§ **Task description**: Reproduce the entire listing exactly as written, apart from its pictures.

§ **Collected data**:
^^^^

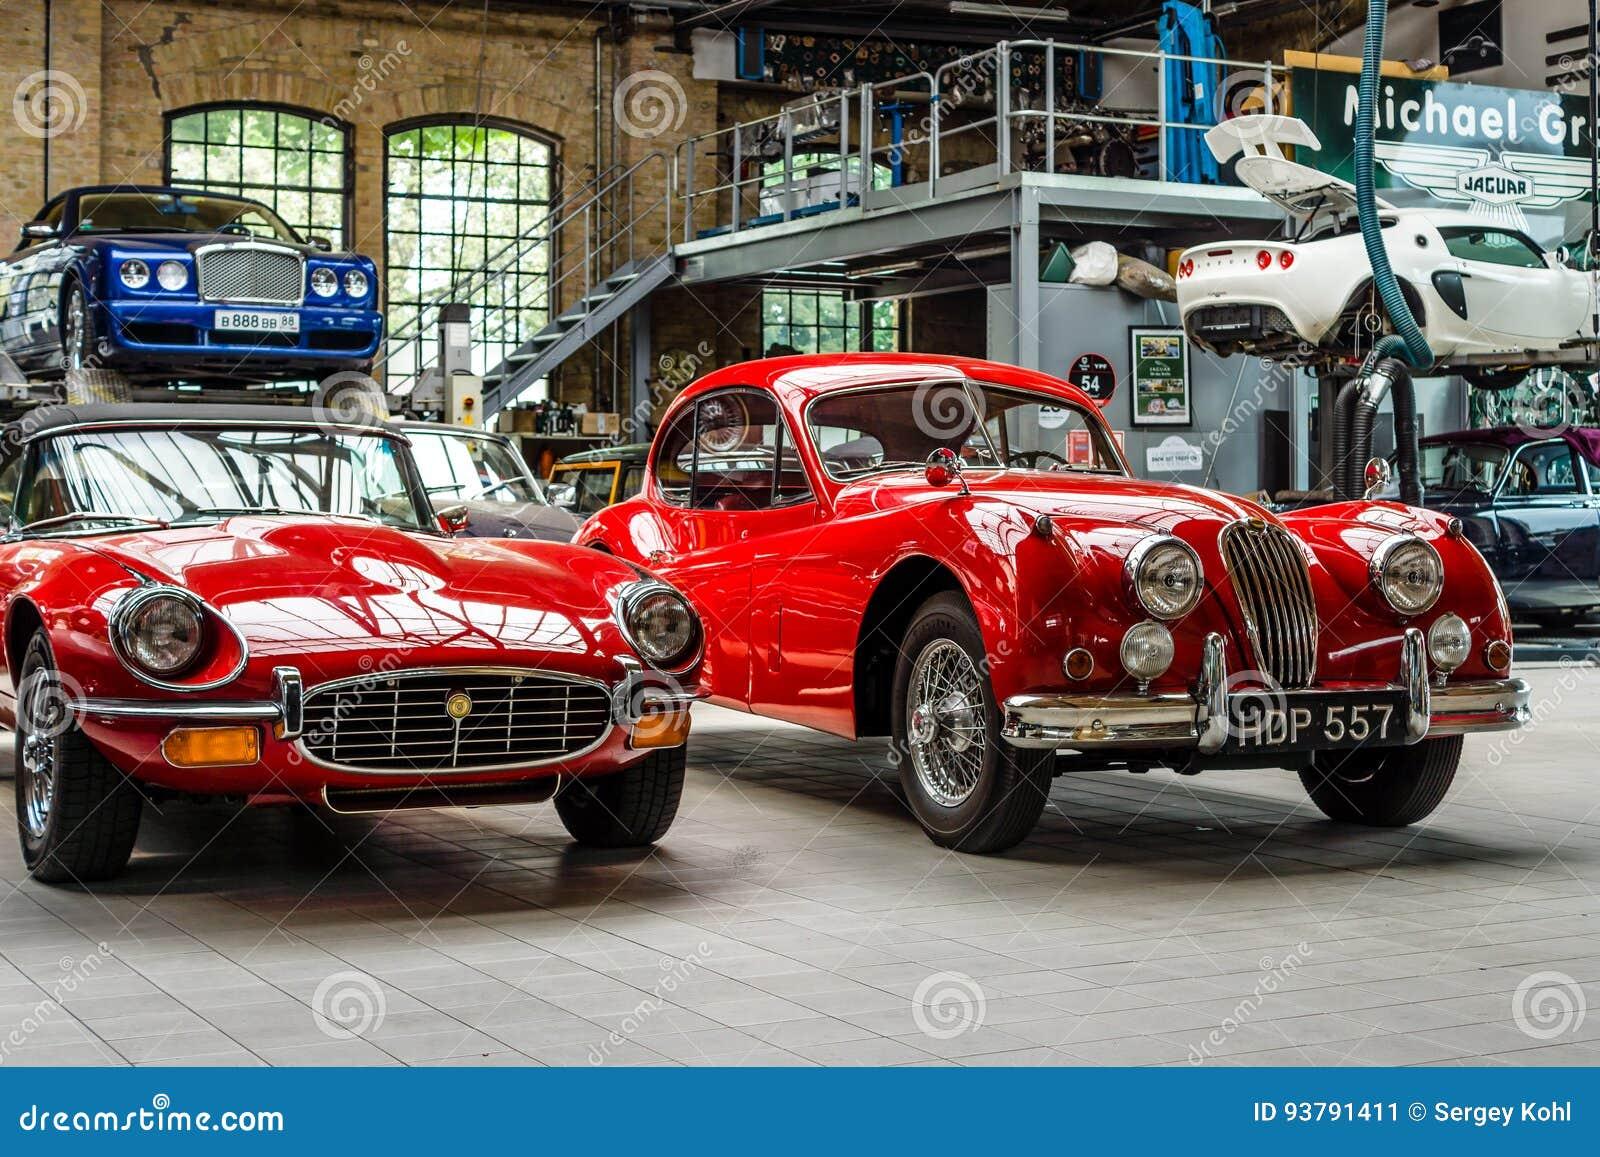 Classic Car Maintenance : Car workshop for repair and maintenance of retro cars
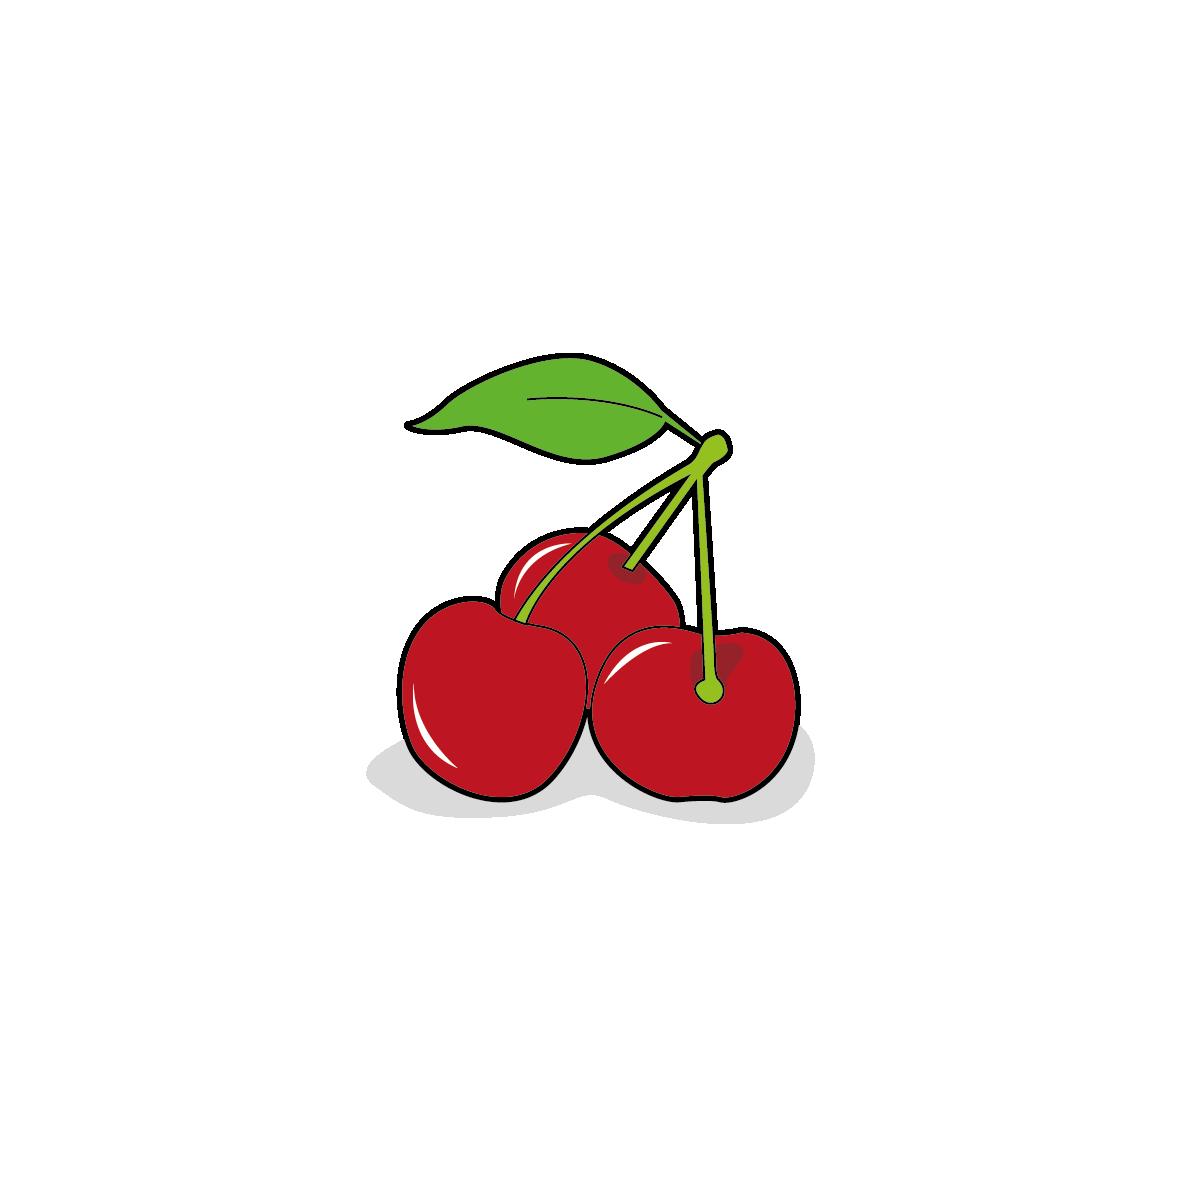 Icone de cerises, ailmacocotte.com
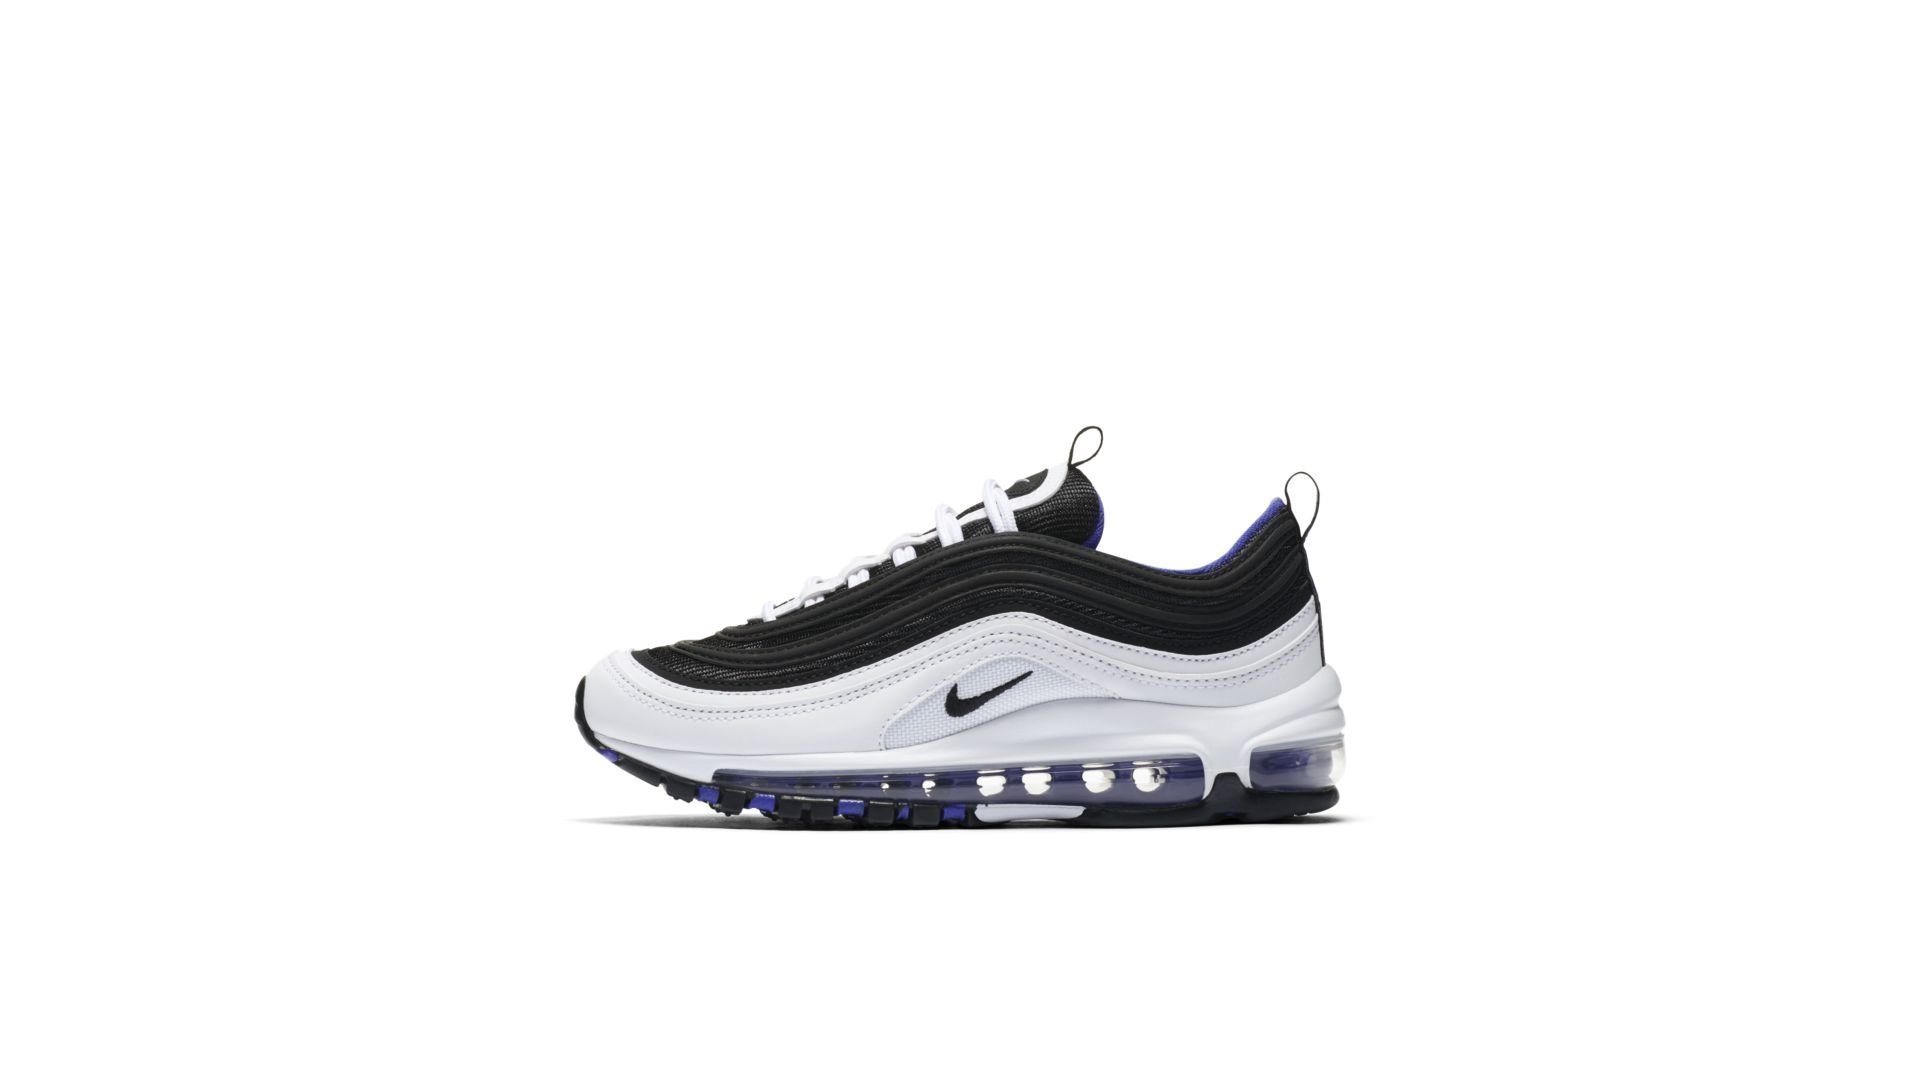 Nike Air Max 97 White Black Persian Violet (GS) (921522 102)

^^^^

§ **Answer to this exercise**:
 Classic Car Maintenance : Car workshop for repair and maintenance of retro cars
 Icone de cerises, ailmacocotte.com
 Nike Air Max 97 White Black Persian Violet (GS) (921522 102)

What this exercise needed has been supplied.